In the rare patient who has previously undergone tracheostomy, the palate should be repaired before decannulation.
The risk of airway compromise after palatoplasty reaches 25%, with an emergent tracheostomy or reintubation rate of 11% at one institution.
Cleft palate without associated cleft lip has been reported to be associated with a syndrome in as many as 50% of cases, while cleft lip and palate together have an incidence of syndromes of about 30%.
Van der Woude syndrome is associated with a mutation in the interferon regulatory factor 6 ( IRF6 ) gene; this is an autosomal dominant syndrome associated with lower lip sinus tracts (“lip pits”), and has variable penetrance including the full range of cleft lips as well as palates.
Velocardiofacial syndrome is associated with a 22q chromosomal deletion, detected by fluorescent immunohybridization. These children have a characteristic “birdlike” facial appearance, soft palate dysfunction, developmental delay, and various cardiac conditions.
The same deletion gives rise to DiGeorge syndrome with associated B-cell and immune dysfunction.
Infants with profound developmental delay and severely shortened life span projection should have surgical intervention delayed or should undergo palatoplasty under special circumstances only.
Palate repair in severely disabled children can lead to altered airway status and obstructed upper airway in those with neuromuscular delay.

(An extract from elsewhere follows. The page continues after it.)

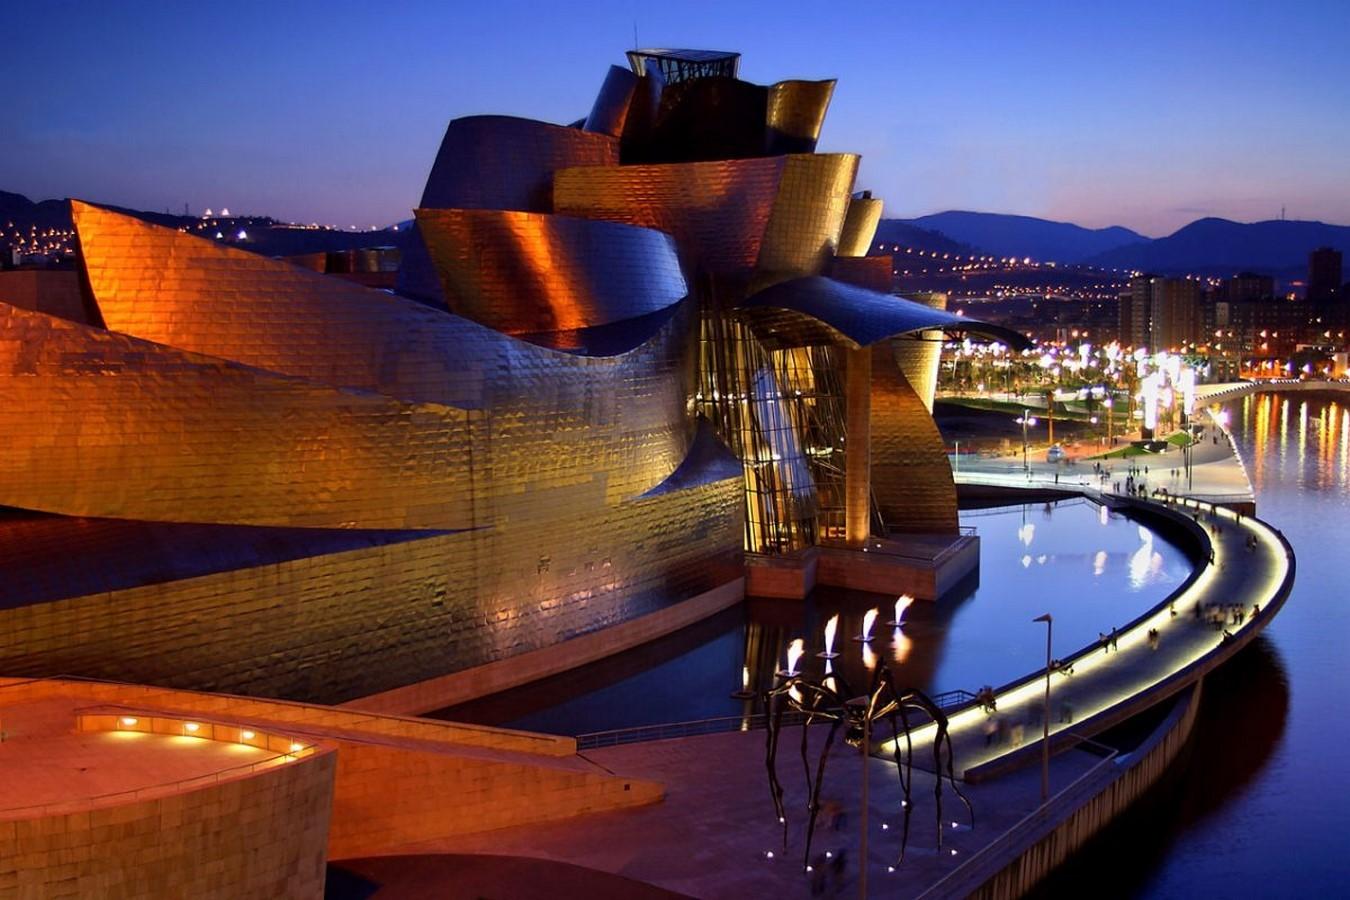 Guggenheim Bilbao (Bilbao, Spain) - Sheet2

At birth, the average weight is the same for cleft and unaffected newborns. However, cleft infants have been shown to exhibit poor weight gain in early infancy.
After repair of the palate, average growth returns to normal compared with unaffected children by the age of 4 years.
Children with orofacial clefting stabilize and continue normal growth to at least 6 years of age, with no statistically significant differences in height and weight when compared to unaffected children.
In later childhood, however, the average weight and height of children with cleft palate appears to diminish compared with those of control subjects.